Doll Revolution is the fourth studio album by American pop rock band The Bangles. It was released in March 2003 in Europe and Japan, and in September of that year in the United States. It is the first album by the group since their 1998 reunion. It is also the final Bangles album to feature bassist and vocalist Michael Steele, who left the band following the promotional tour and was subsequently replaced by Annette Zilinskas, the group's original bassist whom Steele had replaced.

==Background==

The Bangles initially disbanded in 1989 following the disappointing sales of their album Everything. They reunited in 1998 and released the song "Get the Girl" on the Austin Powers: The Spy Who Shagged Me soundtrack, the success of which enabled them to return to touring for the next four years to finance their next record. The group self-released Doll Revolution through their independent label Down Kiddie Records, which had been largely defunct after releasing their debut single "Getting Out of Hand" in 1981.

Doll Revolution was first released on CD in Europe and Japan in March 2003, and distributed through deals with the EMI subsidiary Liberty Records and Victor.
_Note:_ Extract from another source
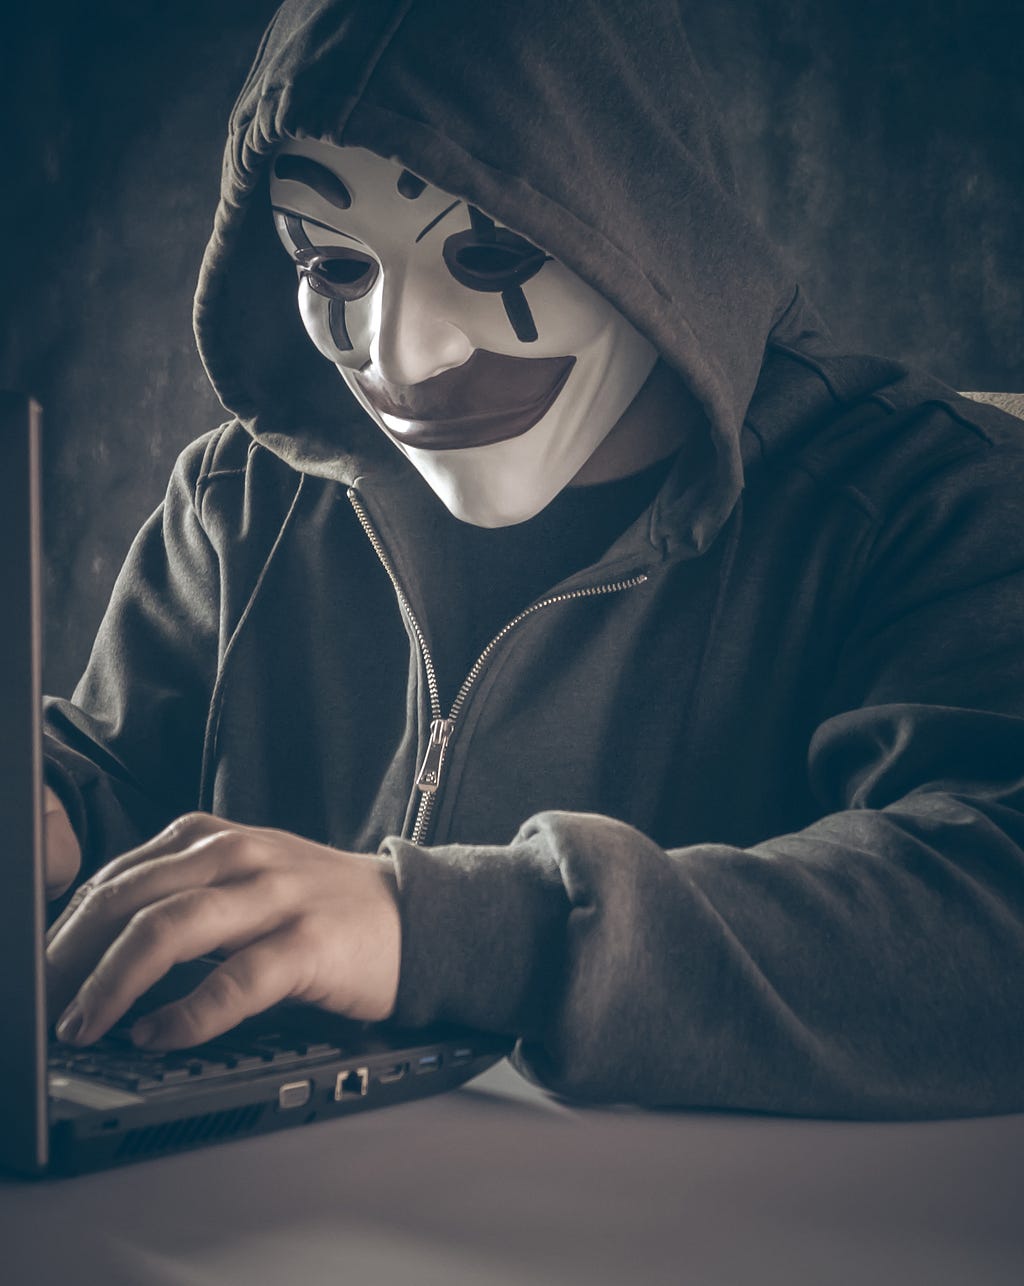 Hooded figure wearing a ‘Joker’ mask typing in front of a computer.

The record came out in the US in September of that year, on Koch Records. It was also released on cassette in Thailand and Indonesia, and on CD in the UK, Australia, South Africa and Taiwan.

Doll Revolution contains 15 songs and is the group's lengthiest album. All tracks were composed or co-written by members of the Bangles, with the exception of "Tear Off Your Own Head (It's a Doll Revolution)", written by Elvis Costello and debuting on his 2002 album When I Was Cruel. Previous versions of some of the songs were released and performed by band members with other groups they worked with: "Mixed Messages" by Vicki Peterson and "The Rain Song", written by Vicki and Susan Cowsill, both appeared on Continental Drifters albums; while "Ask Me No Questions," written by Debbi Peterson, was released by her band Kindred Spirit. "Nickel Romeo" and "Between the Two", while never released, had been debuted by Michael Steele with her band, Crash Wisdom, in live shows starting in 1994.
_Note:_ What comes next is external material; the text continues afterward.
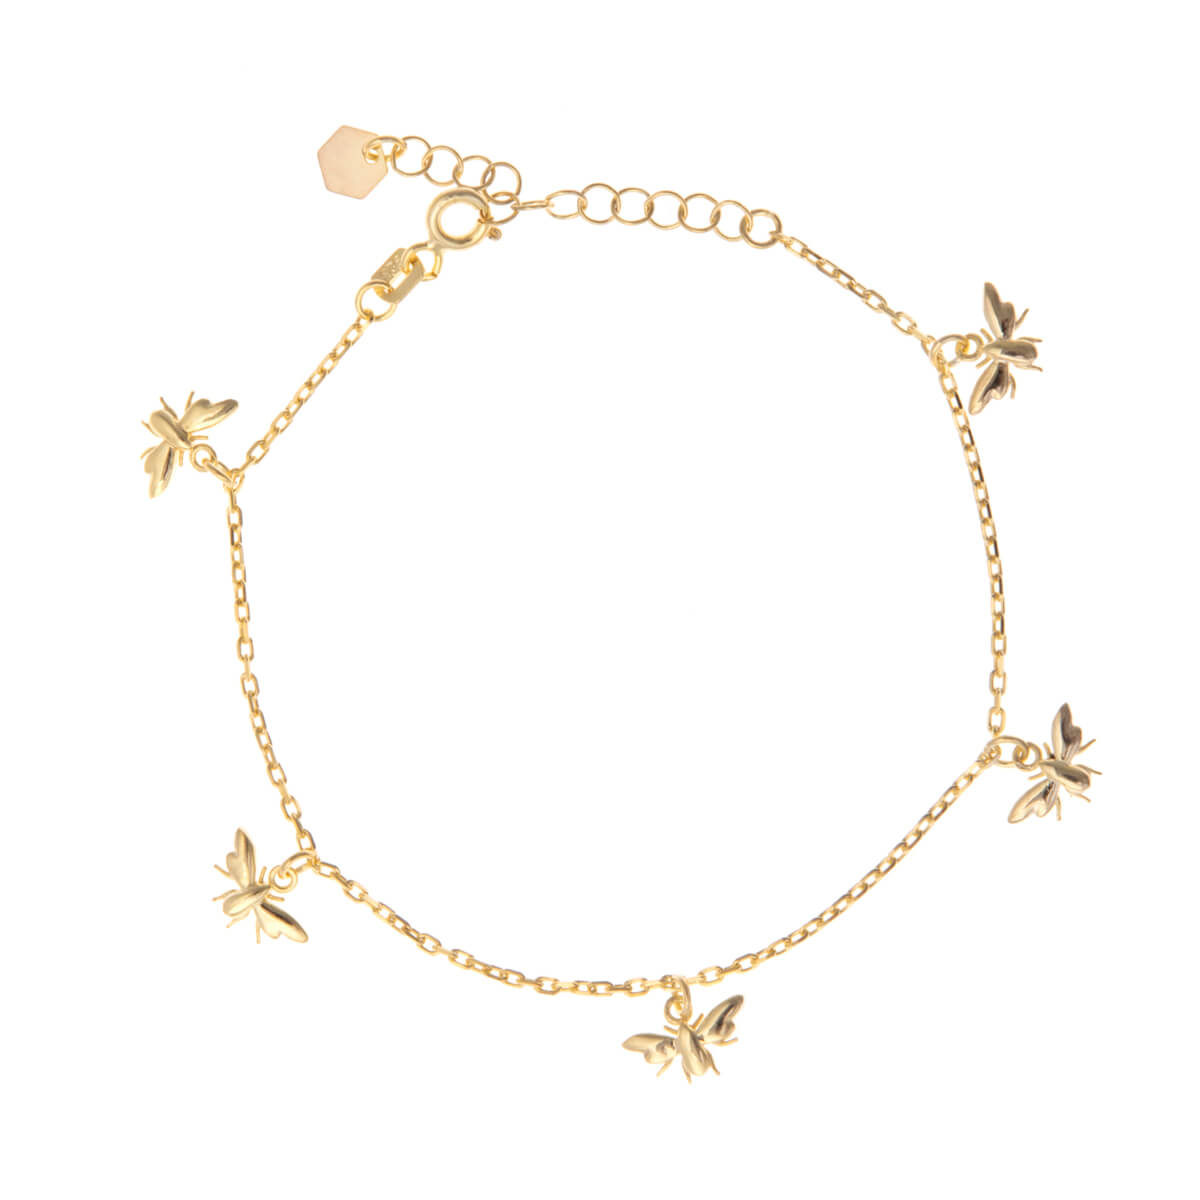 Bees Gold Plated Charm Bracelet

The album spawned three singles. The lead single, "Something That You Said", reached No. 38 in the UK, and was a minor hit elsewhere in Europe. "Tear Off Your Own Head (It's a Doll Revolution)" and "I Will Take Care of You" were next released as singles, the latter reaching No. 79 in the UK. All three songs had lead vocals by Susanna Hoffs.

In the US, a bonus DVD was included with one version of the album, containing interviews, a photo gallery and the "Something That You Said" video. The Japanese CD in 2003 included as bonus tracks both songs from the Bangs'/Bangles' 1981 debut 7-inch single, "Getting Out of Hand" and "Call on Me" (the first time they had been released on CD), as well as an alternate mix of "Something That You Said". All of these tracks are featured on the audio player on the US bonus DVD as well.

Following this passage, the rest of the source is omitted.